_INSTRUCTIONS FOR THE TASK_
Could the listing below be reproduced exactly, minus its pictures?

##### DATASET EXCERPT

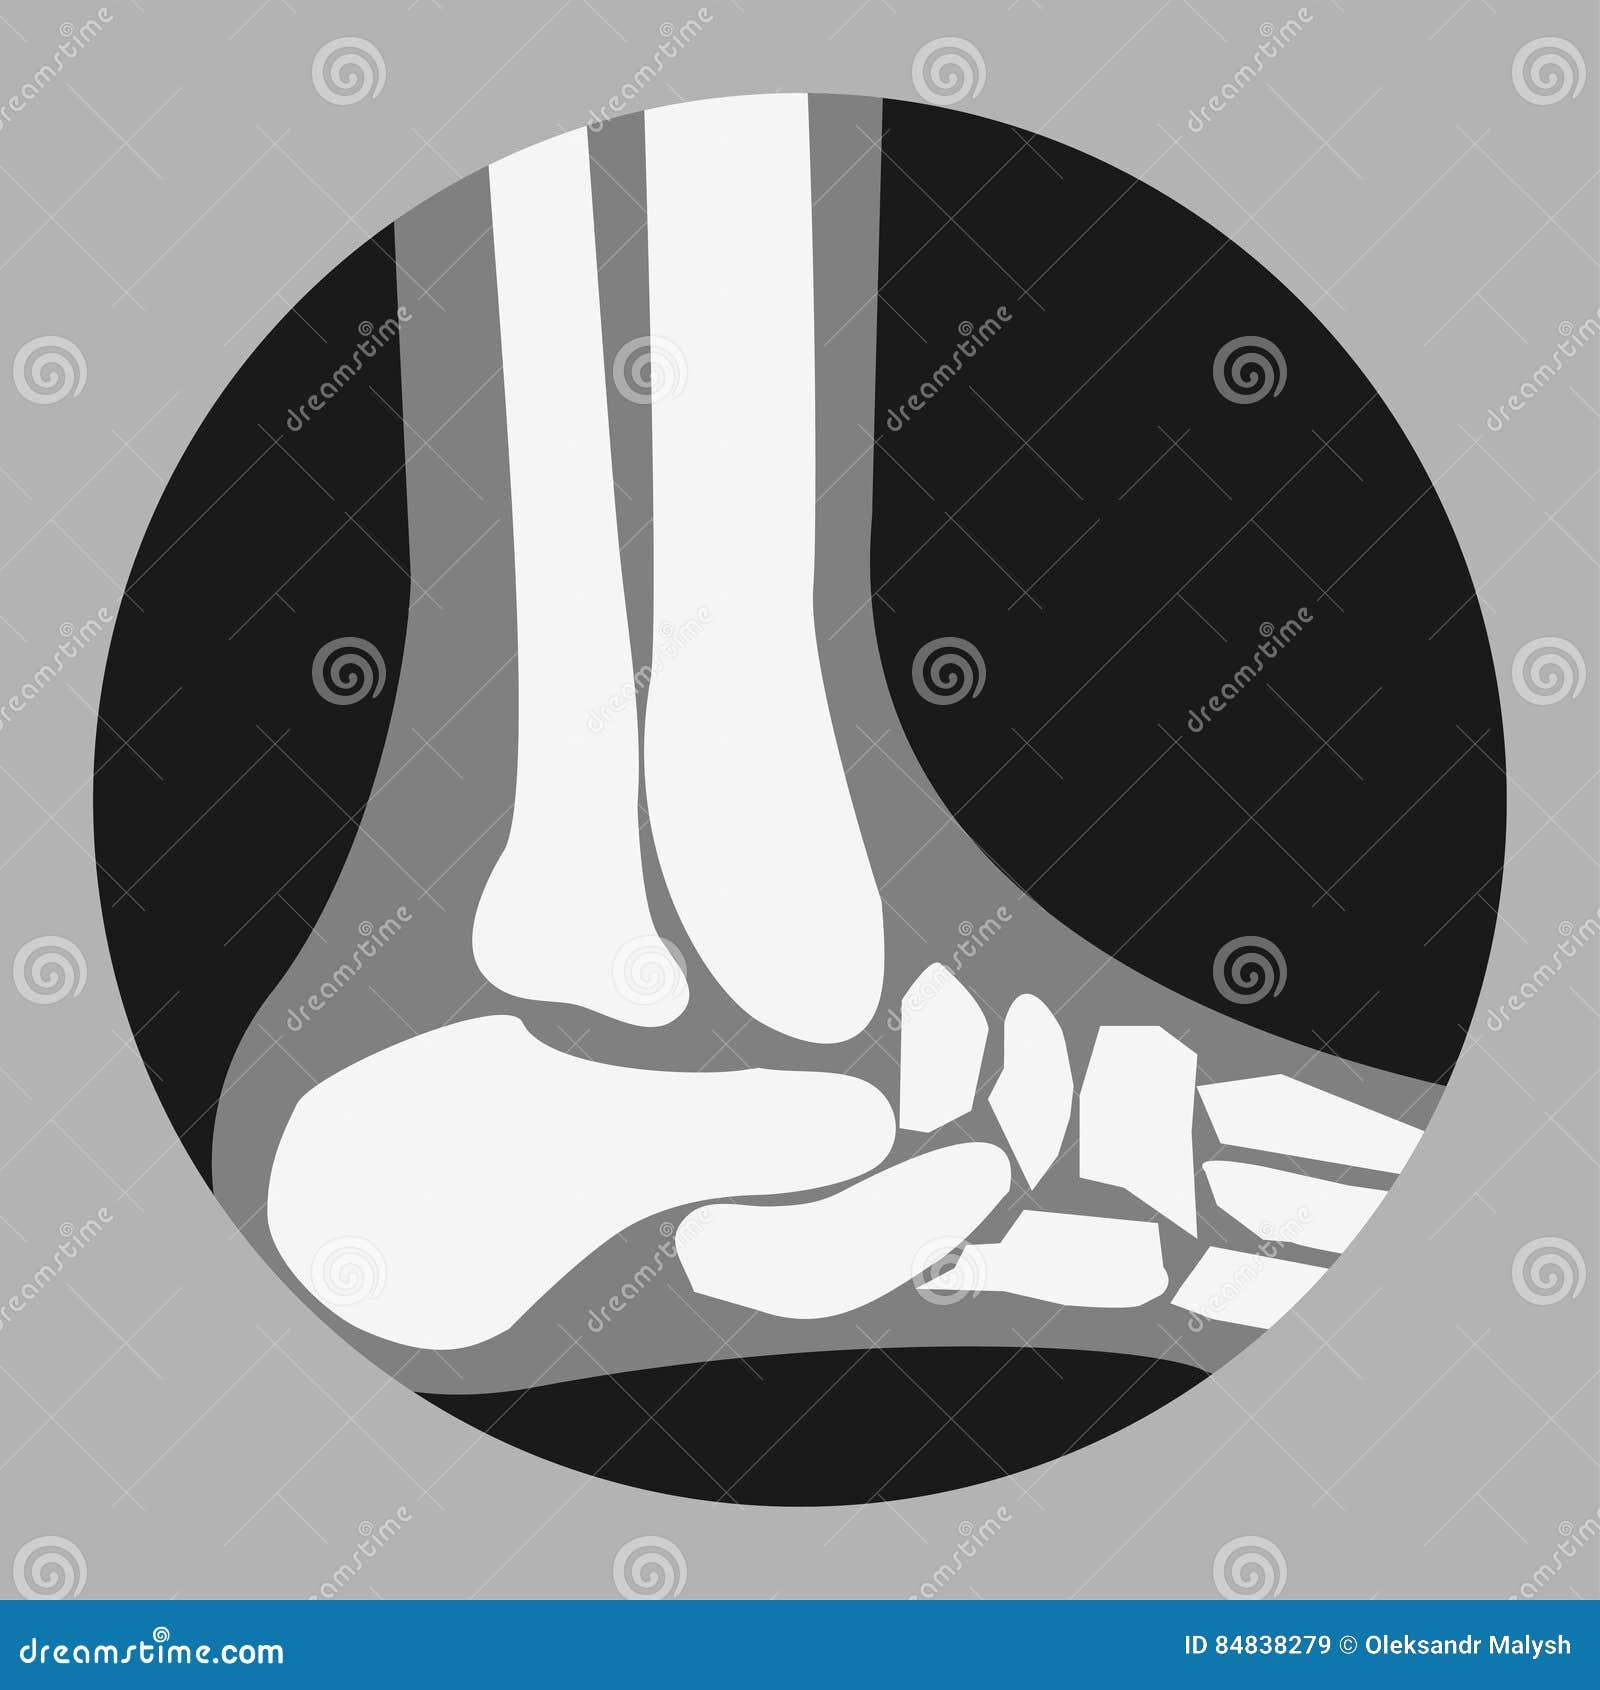 Huesos de pie humano ilustración del vector. Ilustración de gráfico ...
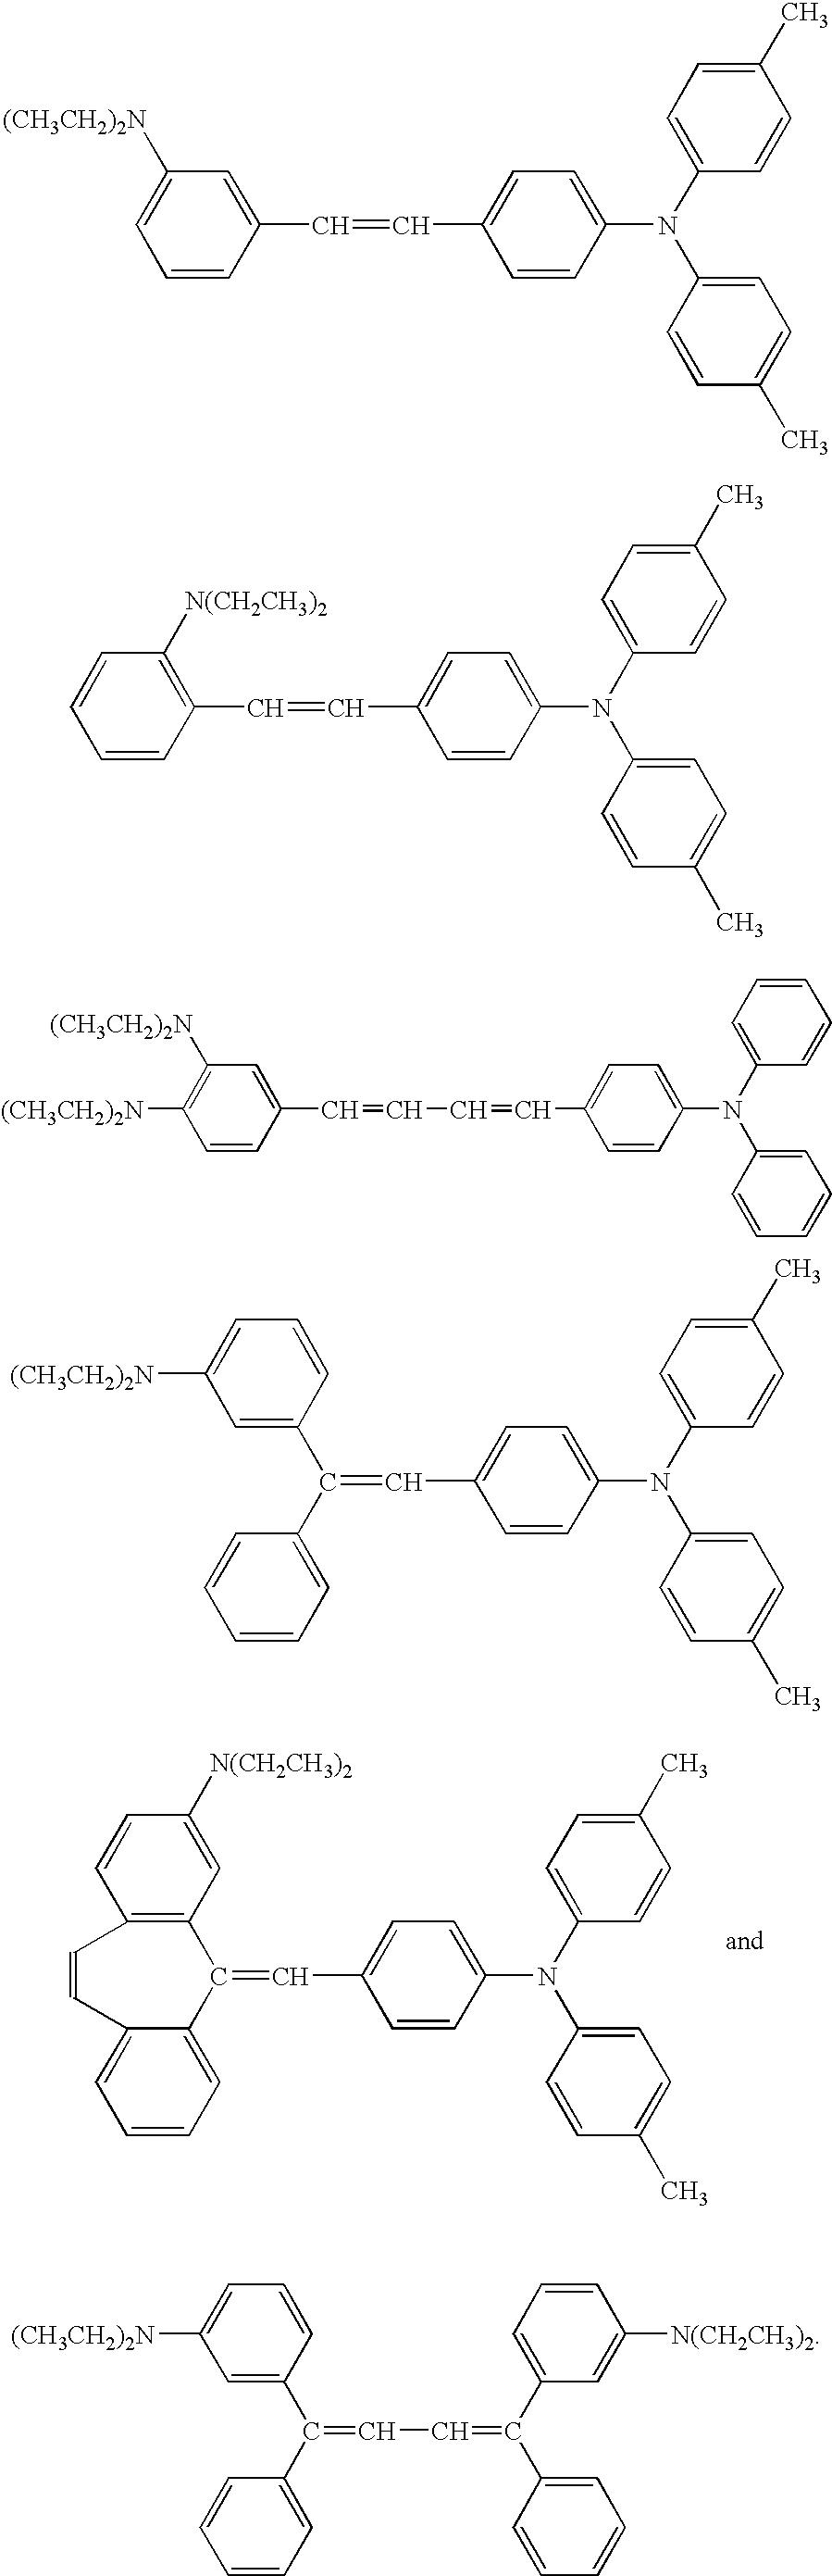 Figure US06861188-20050301-C00237
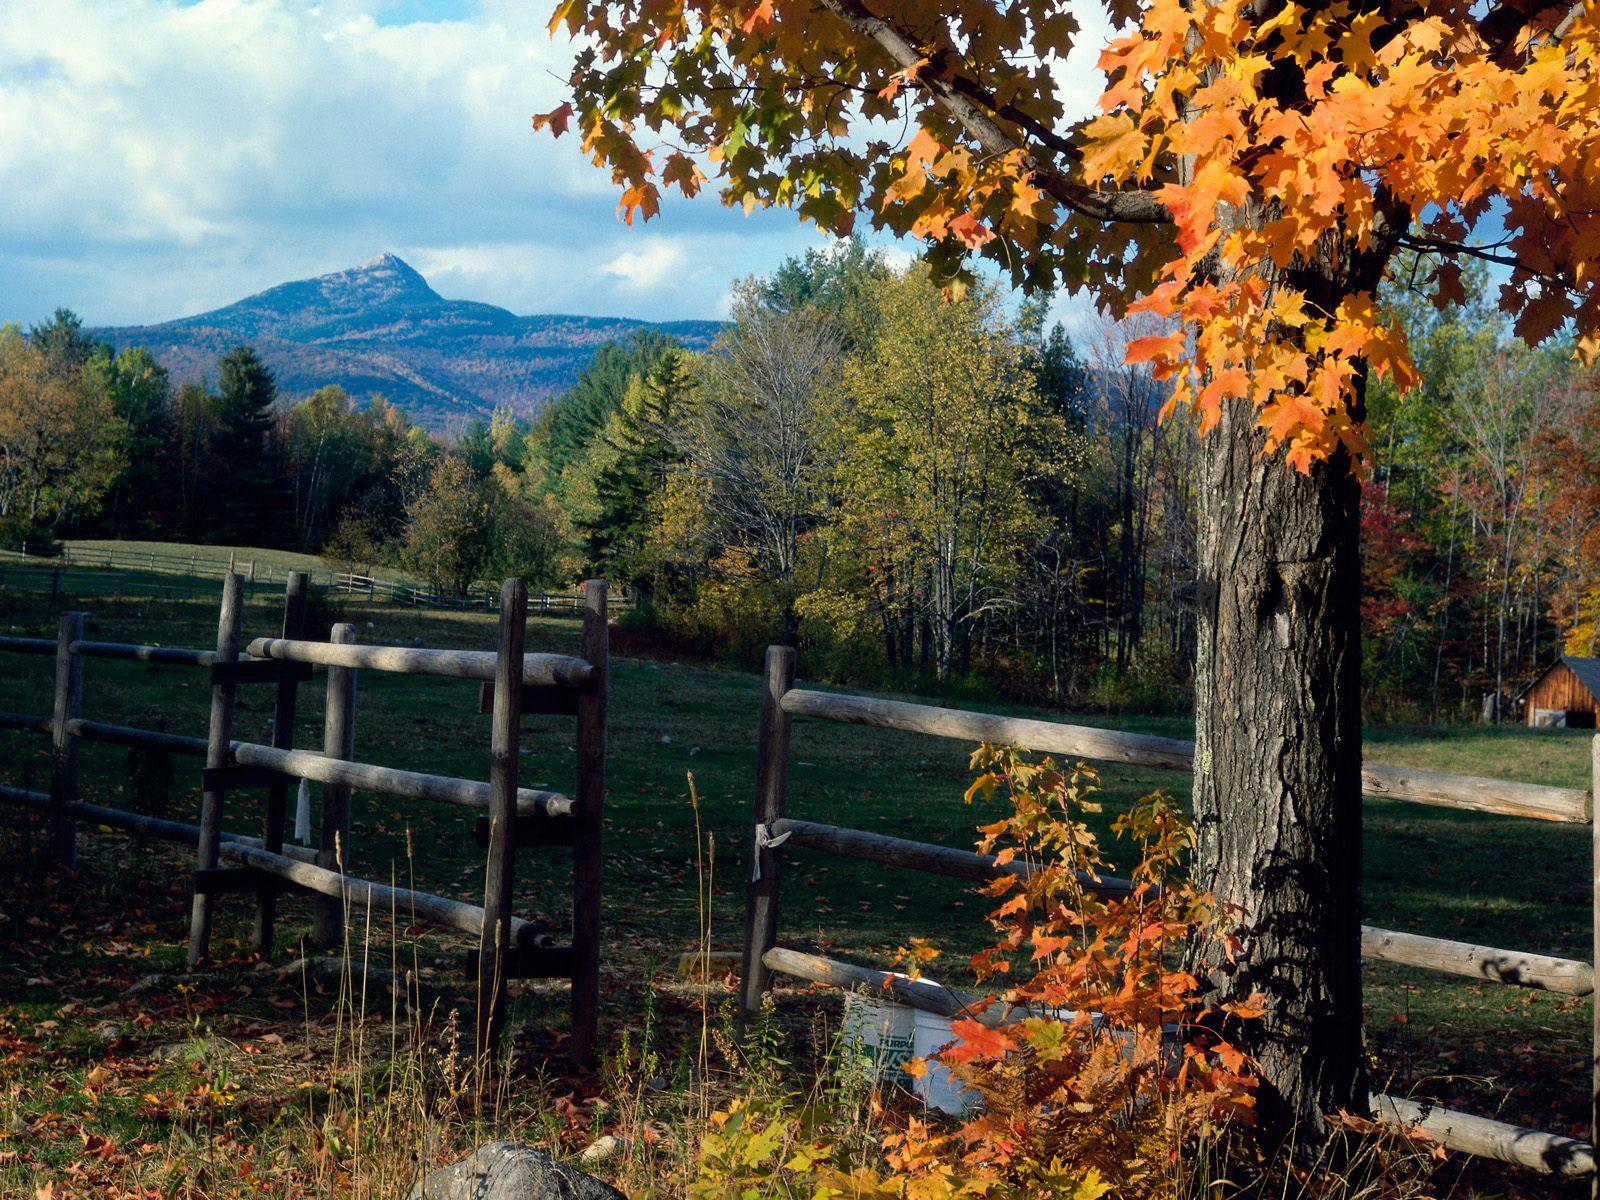 Sonbahardan Güzel Manzaralar - Sonbaharda akşam

##########

_RESPONSE_
 Huesos de pie humano ilustración del vector. Ilustración de gráfico ...
 Figure US06861188-20050301-C00237
 Sonbahardan Güzel Manzaralar - Sonbaharda akşam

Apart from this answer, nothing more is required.